The evangelical Lausanne Movement defines a nominal Christian as "a person who has not responded in repentance and faith to Jesus Christ as his personal Saviour and Lord"...[he] "may be a practising or non-practising church member. He may give intellectual assent to basic Christian doctrines and claim to be a Christian. He may be faithful in attending liturgical rites and worship services, and be an active member involved in church affairs." American Reformed theologian Douglas Wilson disagrees with the category of "nominal Christian" and argues that all who are baptized enter into a covenant with God, and are obliged to serve him; there is, therefore, "no such thing as a merely nominal Christian any more than we can find a man who is a nominal husband." There are, however, "wicked and faithless Christians."

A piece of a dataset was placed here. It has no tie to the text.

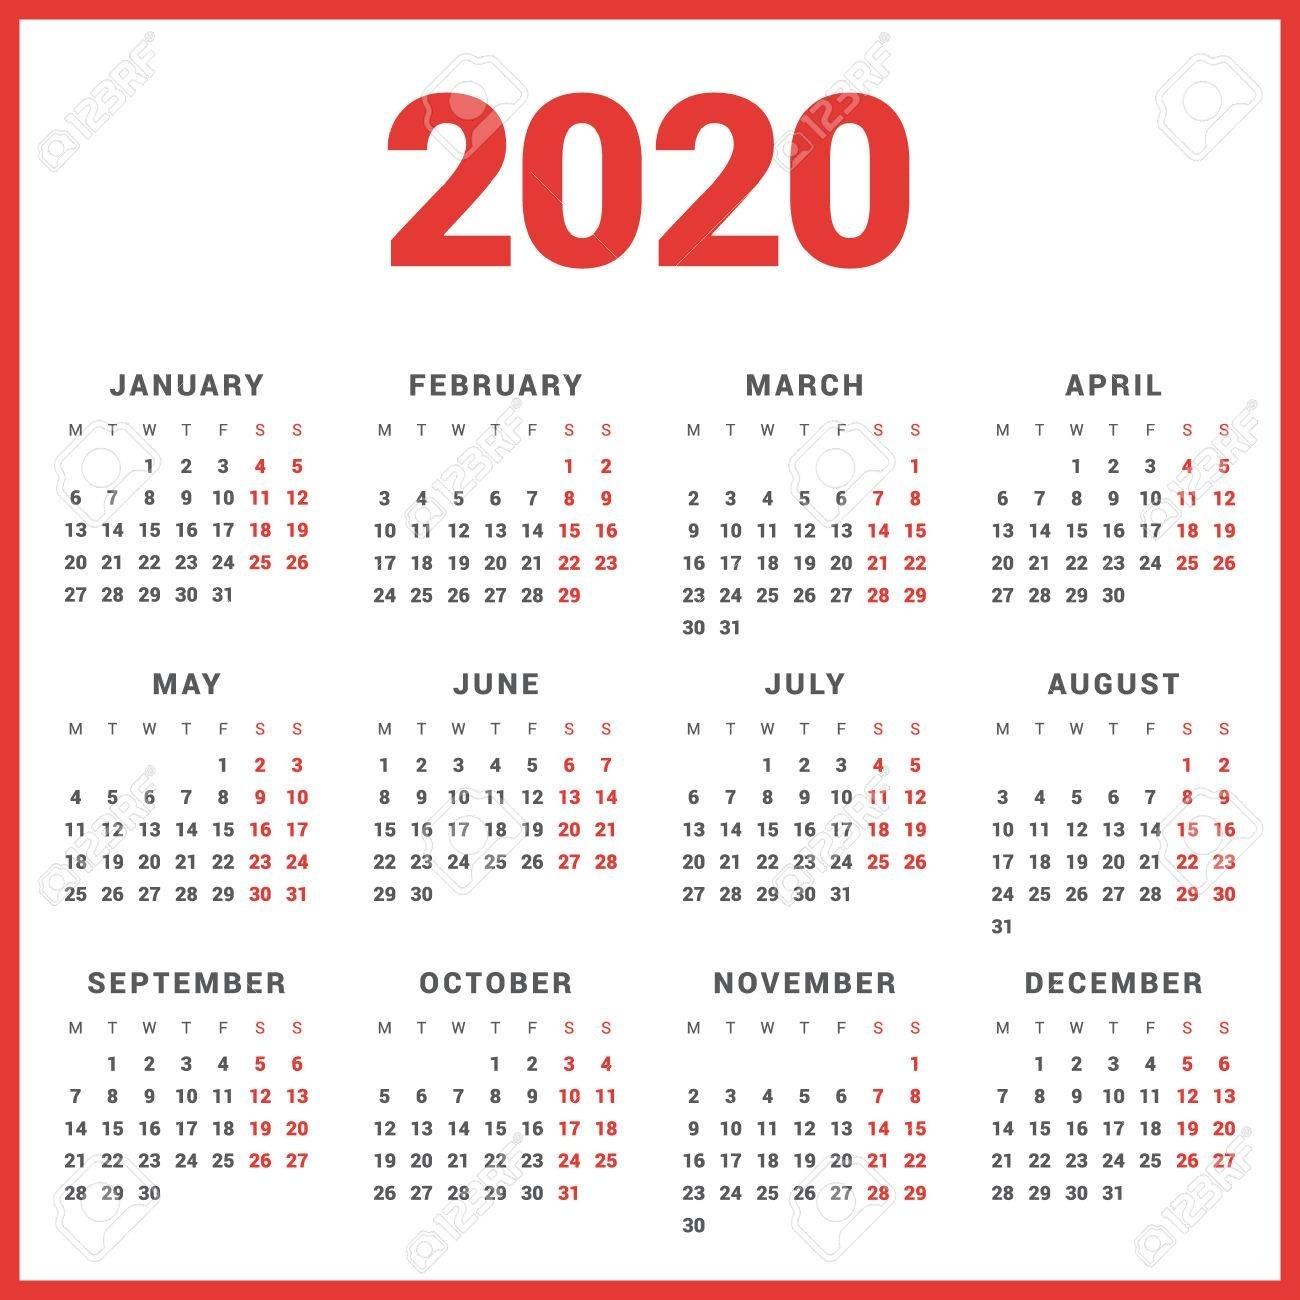 Monday Start Calendar 2020 - Colona.rsd7 for 2020 Calendar Template Monday Sunday

According to data from the European Social Survey in 2012 show that around a third of European Christians say they attend services once a month or more. More than two-thirds of Latin American Christians and 90% of African Christians said they attended church regularly. Missionaries Patrick Johnstone and Jason Mandryk, estimate that 1.2 billion people are "nominal and non-practicing 'Christians'." According to a 2018 study by the Pew Research Center, Christians in Africa, Asia, Latin America and the United States have high levels of commitment to their faith.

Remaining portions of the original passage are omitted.